--- DATA SECTION ---
......

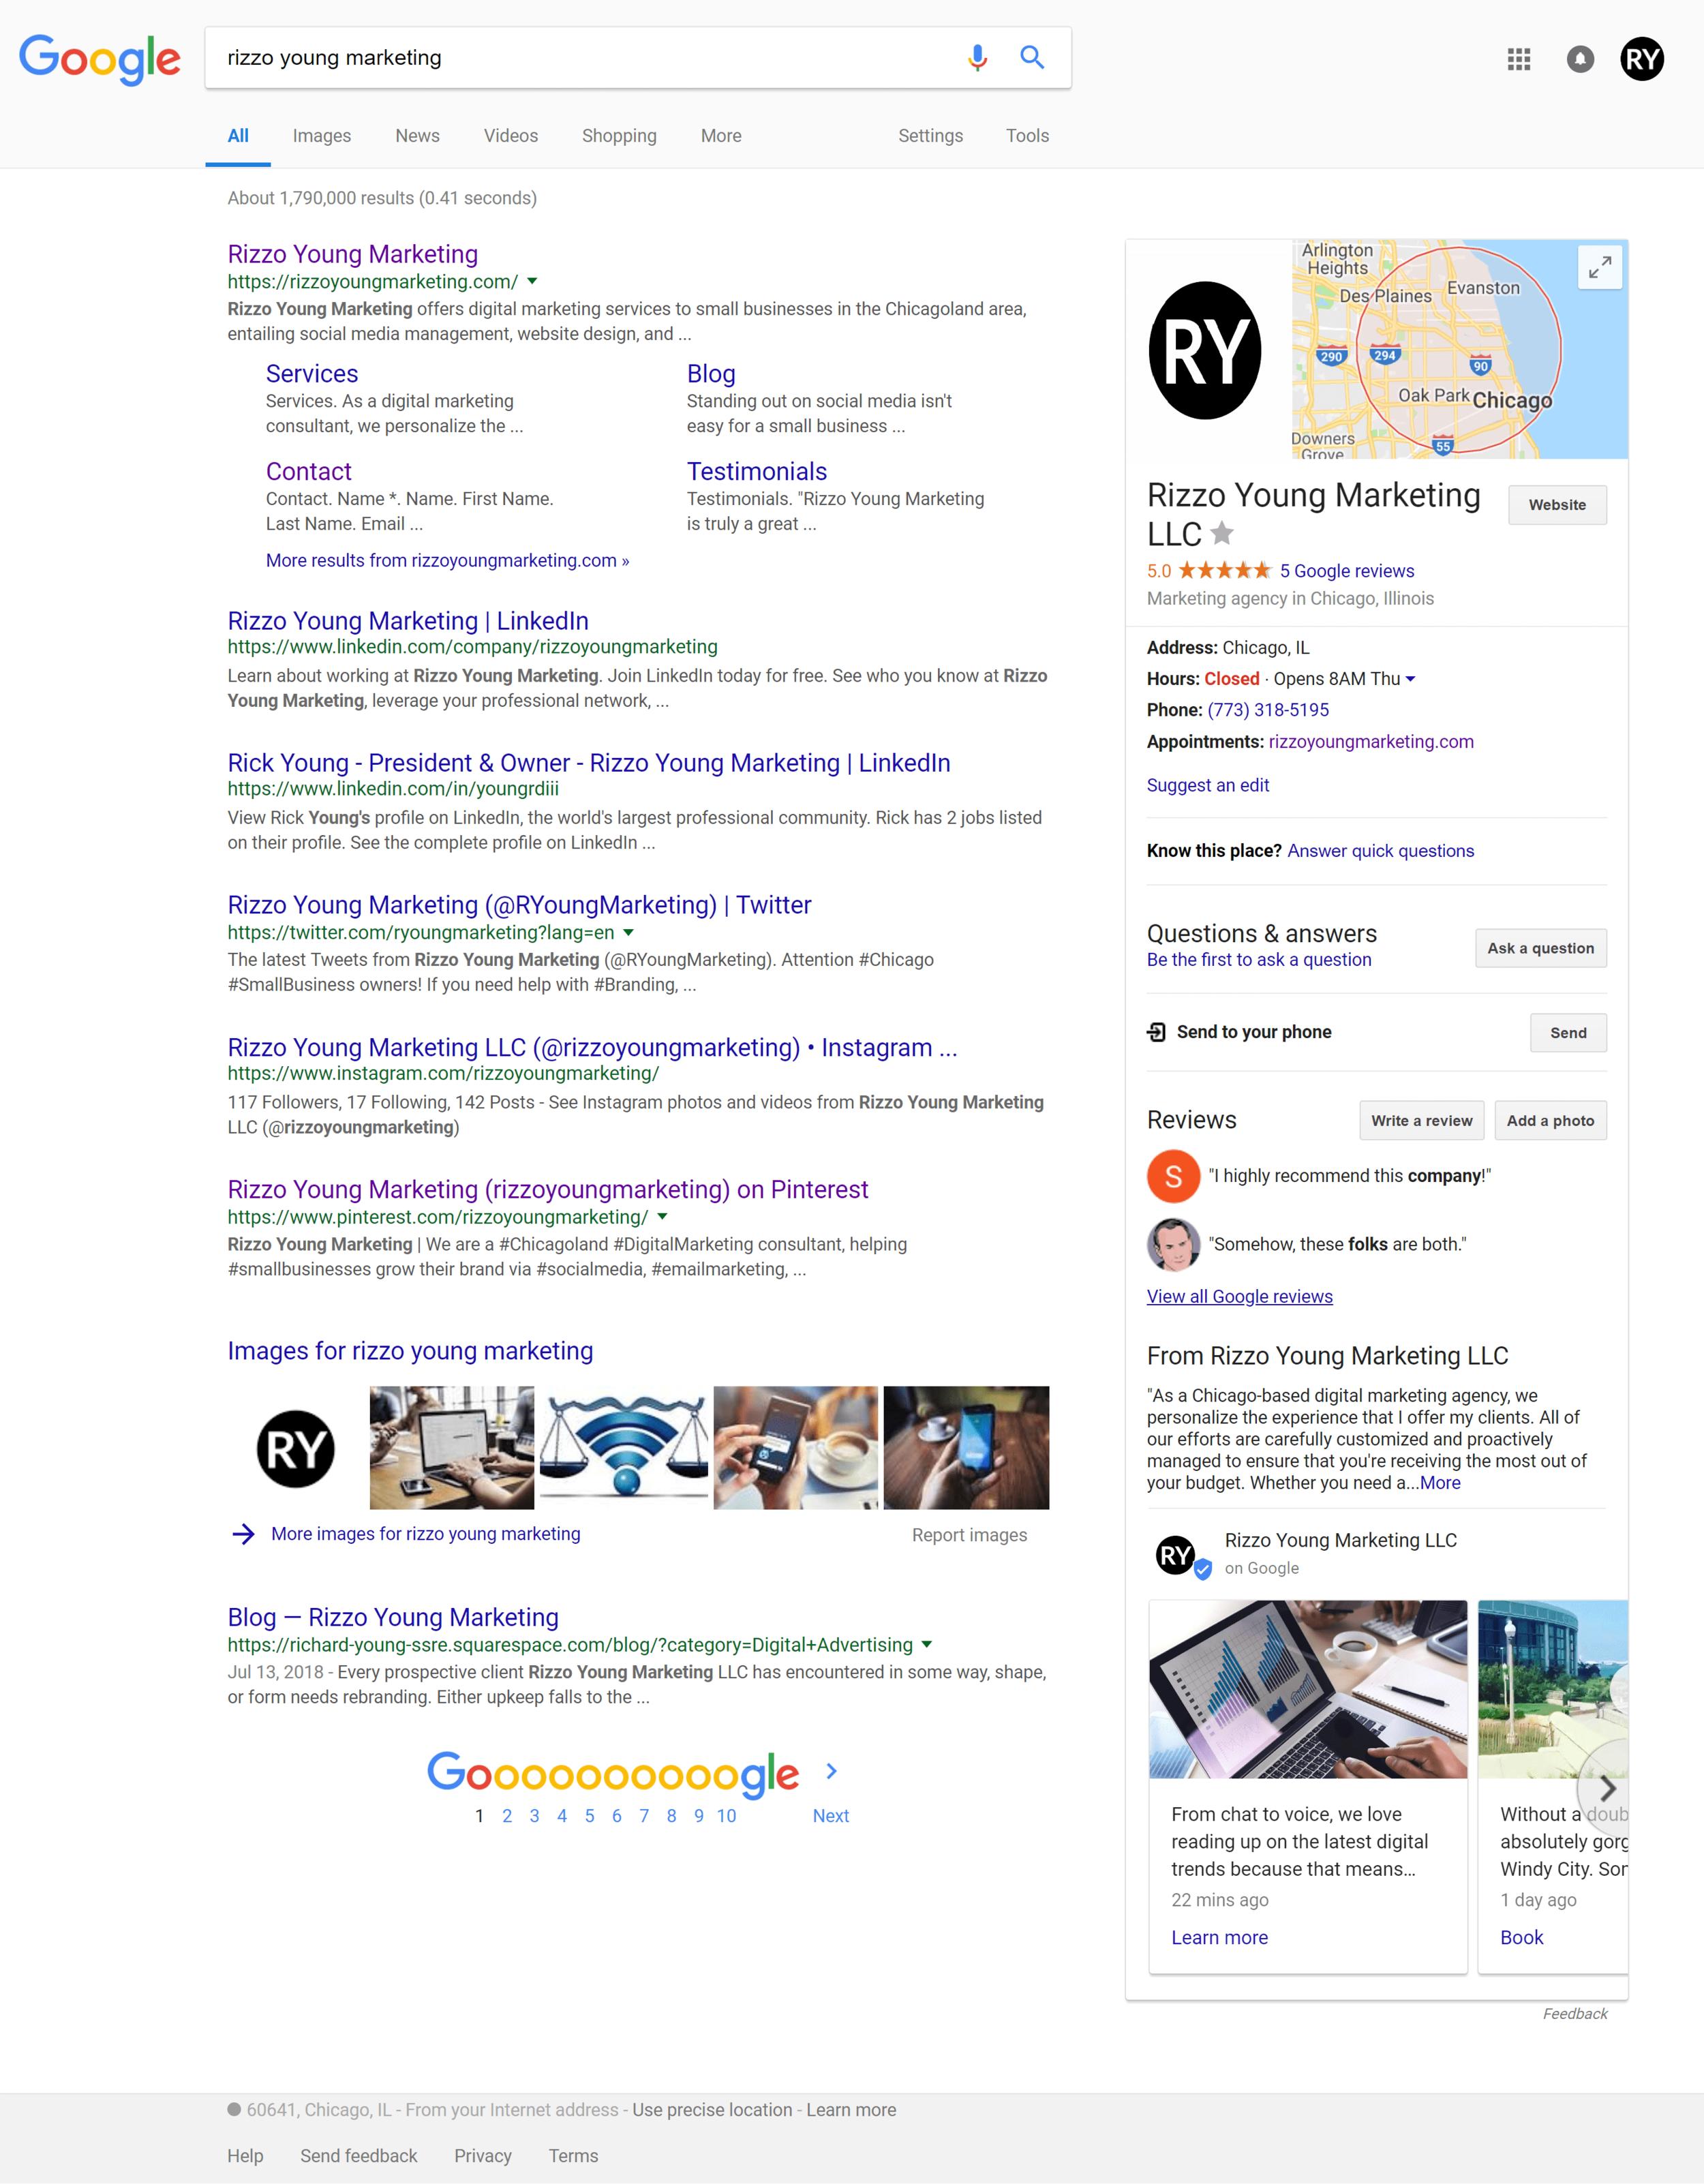 Rizzo-Young-Marketing-LLC-Google-Search-SEO-Minimized.png
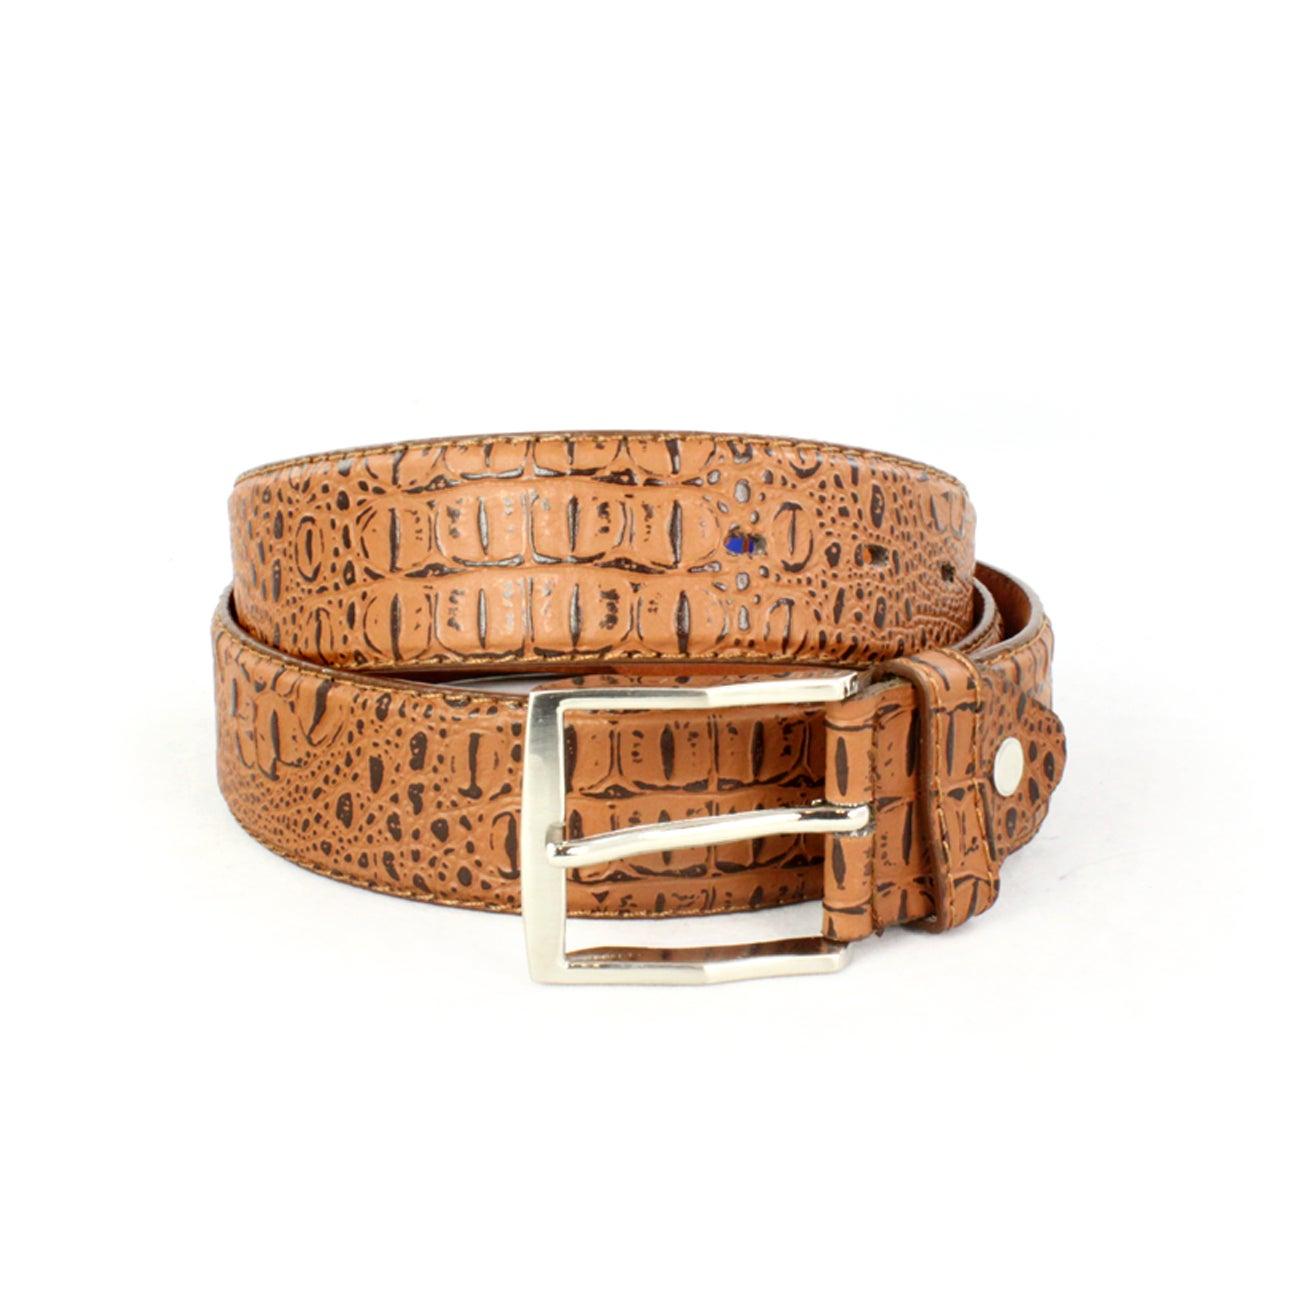 Faddism Men's Crocodile Embossed Tan Belt (Medium)
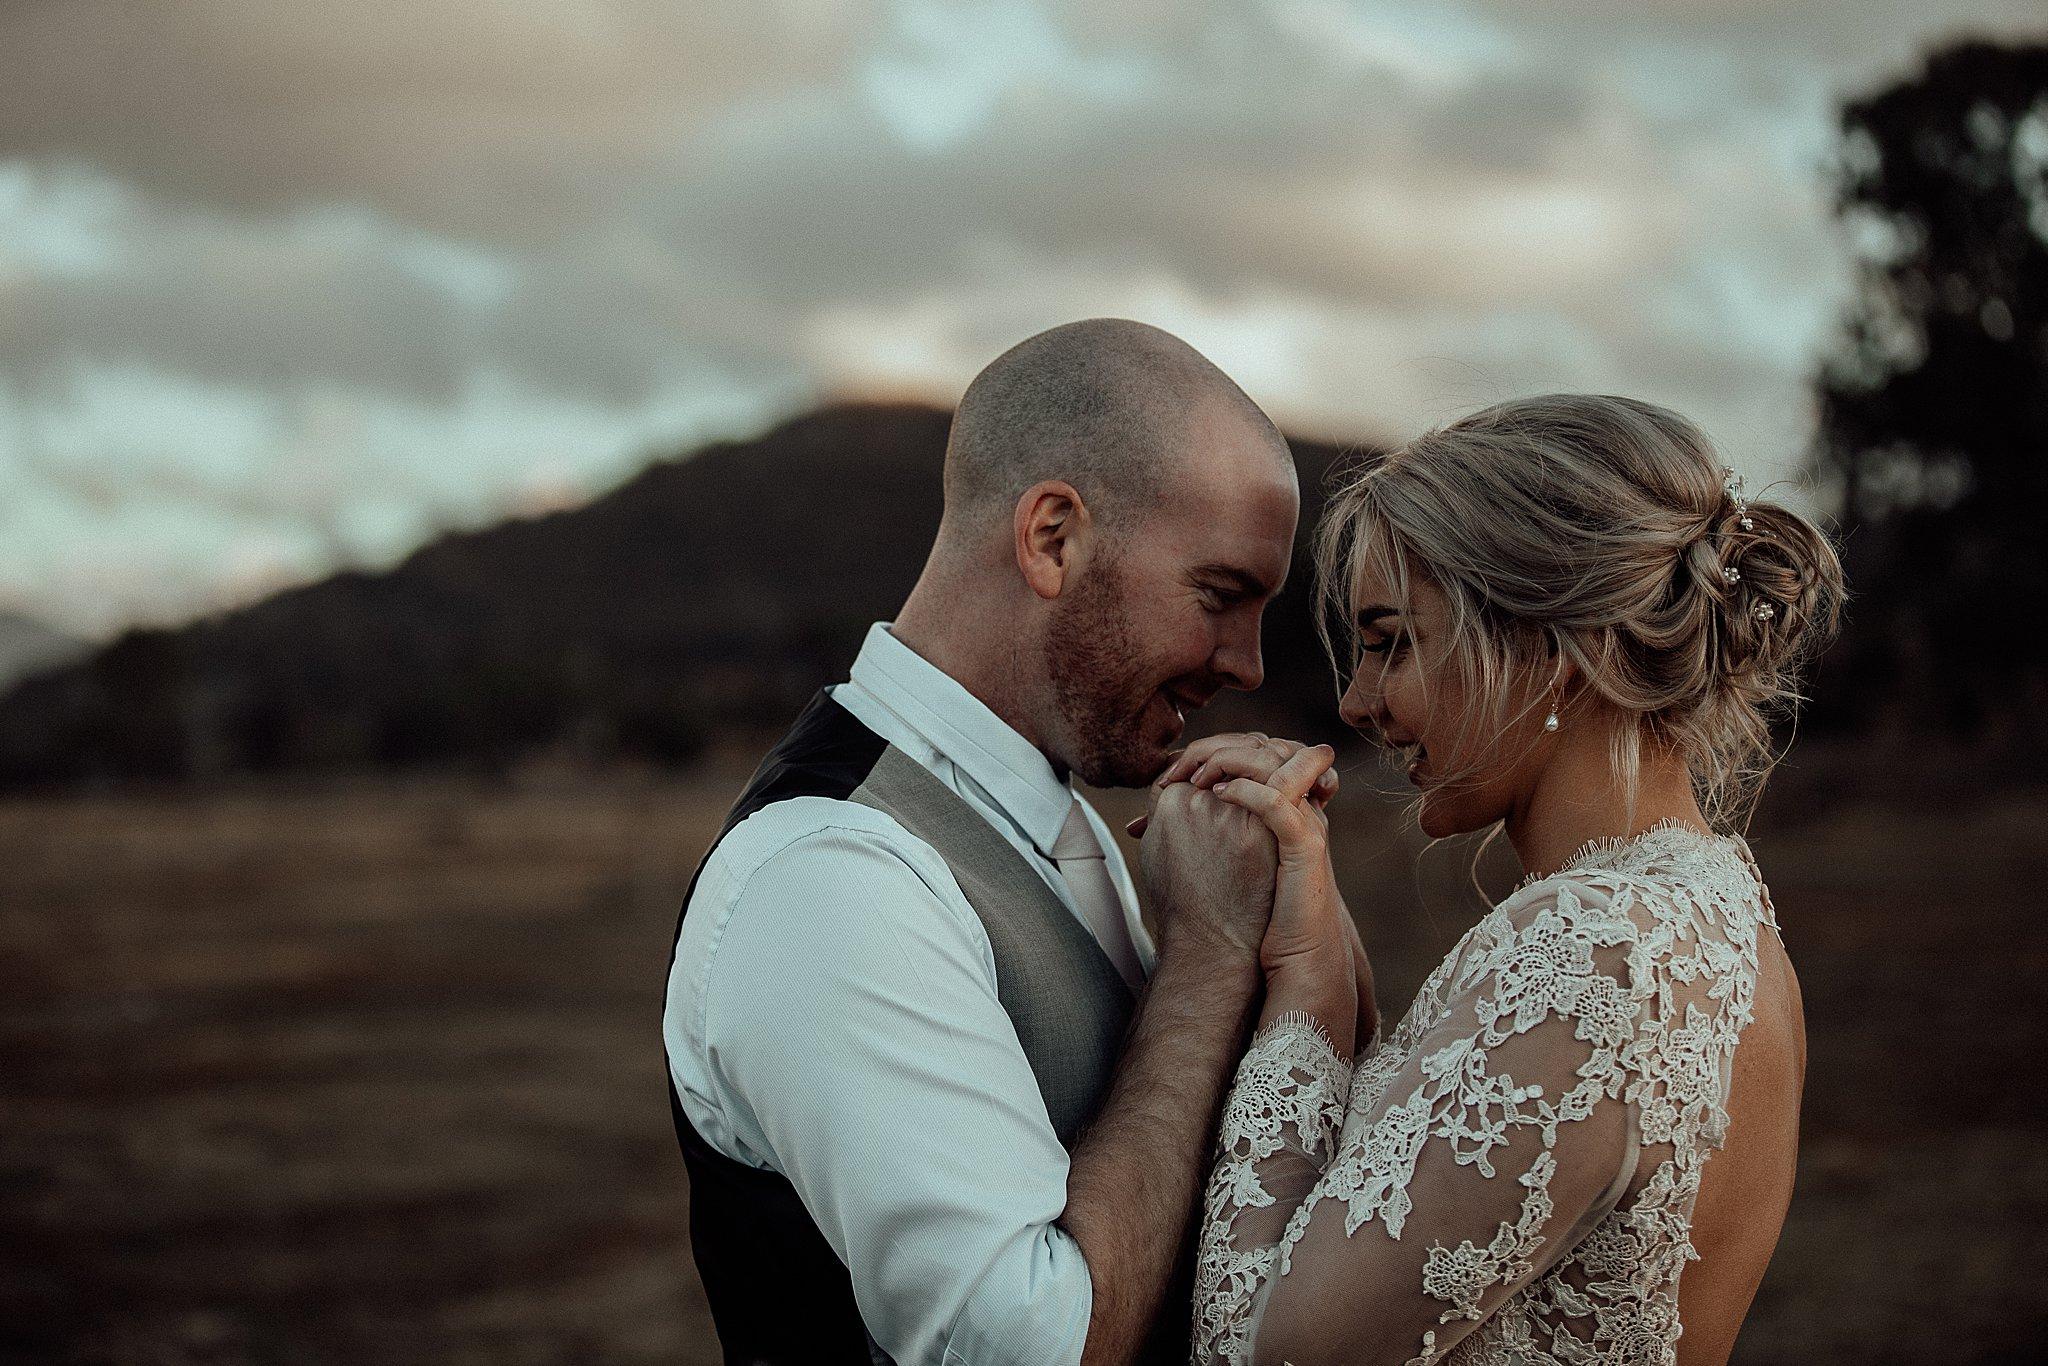 mickalathomas_puremacphotography_weddingphotographer_couplephotographer_Sheppartonphotographer_3381.jpg

......

--- WORK TO COMPLETE ---
The answer should contain every line of the material exactly as written and no pictures.

--- EXPECTED OUTPUT ---
 Rizzo-Young-Marketing-LLC-Google-Search-SEO-Minimized.png
 Faddism Men's Crocodile Embossed Tan Belt (Medium)
 mickalathomas_puremacphotography_weddingphotographer_couplephotographer_Sheppartonphotographer_3381.jpg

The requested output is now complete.